I have not redone multiple functions to see if it would work across scripts but sure seems like it will (the files persist outside of a given R session)
I omitted the unlink(dir, recursive = TRUE, force = TRUE) in my final function because that forces the cache to be removed, which we don't want (unless testing before and after caching like you were doing).

A cool middle path might be adding a memoise function to DataRetrieval like memo_readNWISdv() so that it could be accessible to all (which would require memoise as a dependency) or spinning a DataRetrievalCaches package.

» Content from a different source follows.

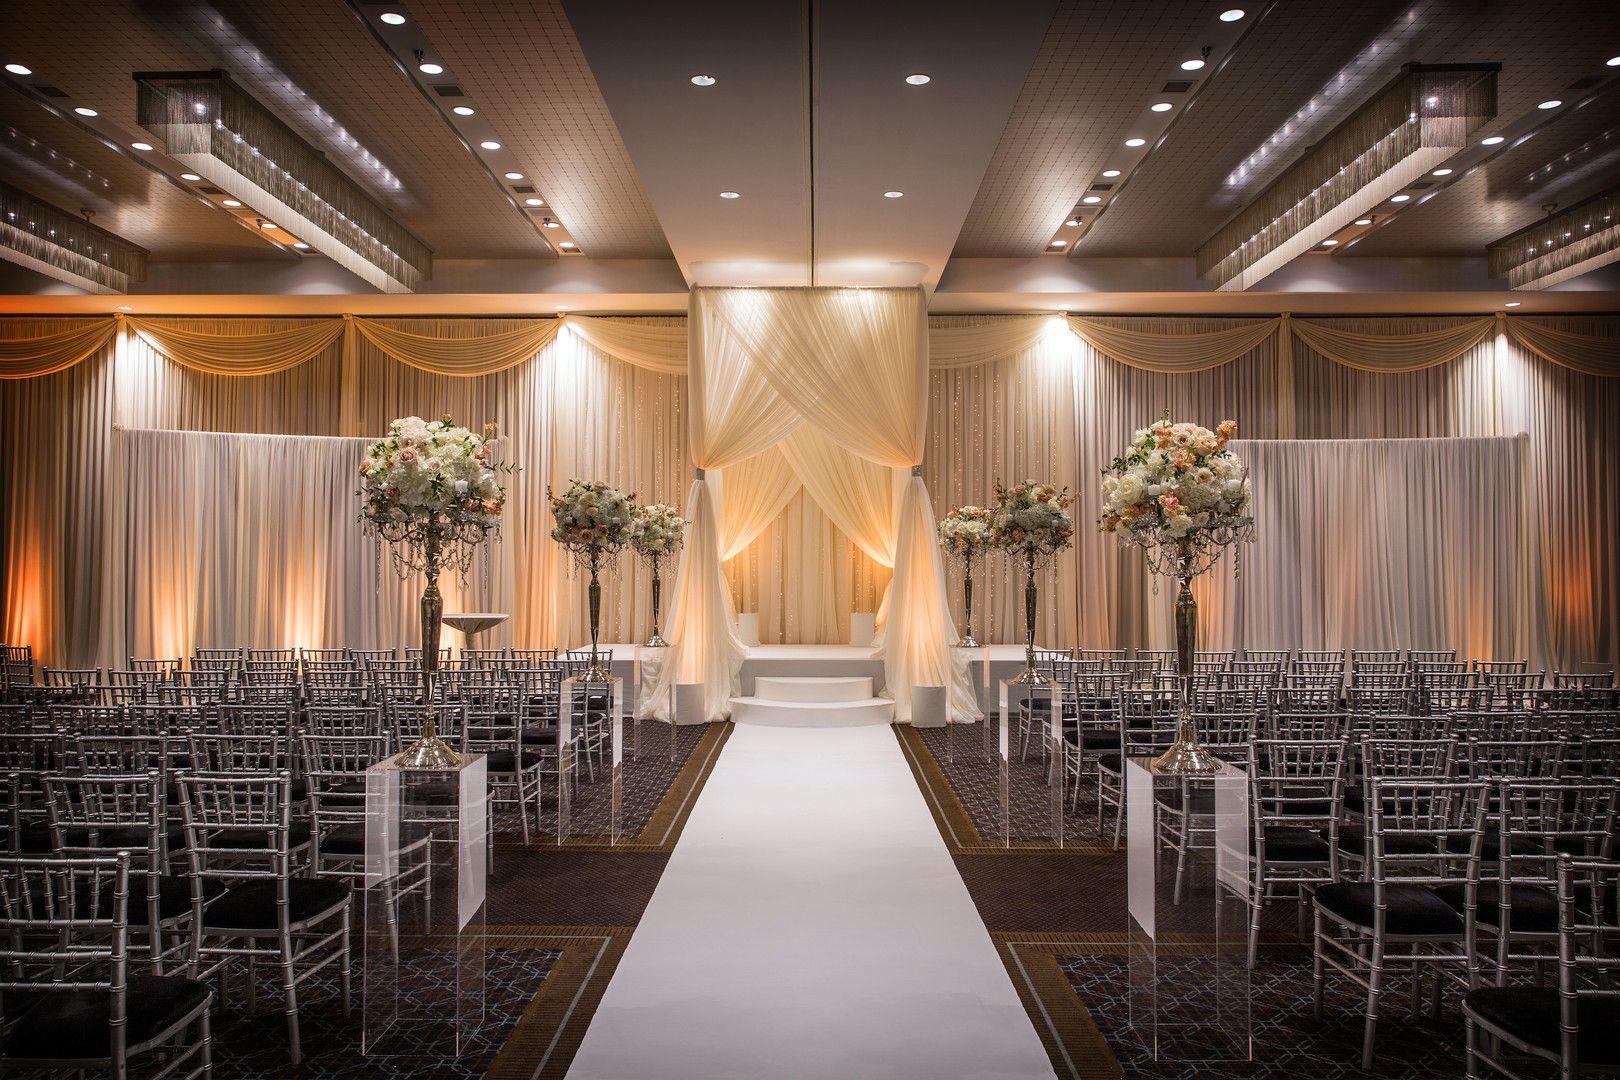 Luxurious Winter Wedding At Hotel Arista In Naperville Il Captured By Jason Kaczorowski Photography See M Winter Wedding Wedding Ceremony Decorations Wedding

rburghol commented 7 months ago

BTW @dblodgett-usgs this:

I should start using it in nhdplusTools now that I've seen how it works. Very simple implementation of caching.

I think this would be an amazing bandwidth saver. In fact, I have another project that I am working with that I will encourage to start to play with memoise this week, as requests with that data source are, predictably, subject to timeouts. If you have the inkling to track your work on that project page, I'd love a link.

rburghol commented 7 months ago

Closing as I am guessing this as not to be fixed, but workaround exists.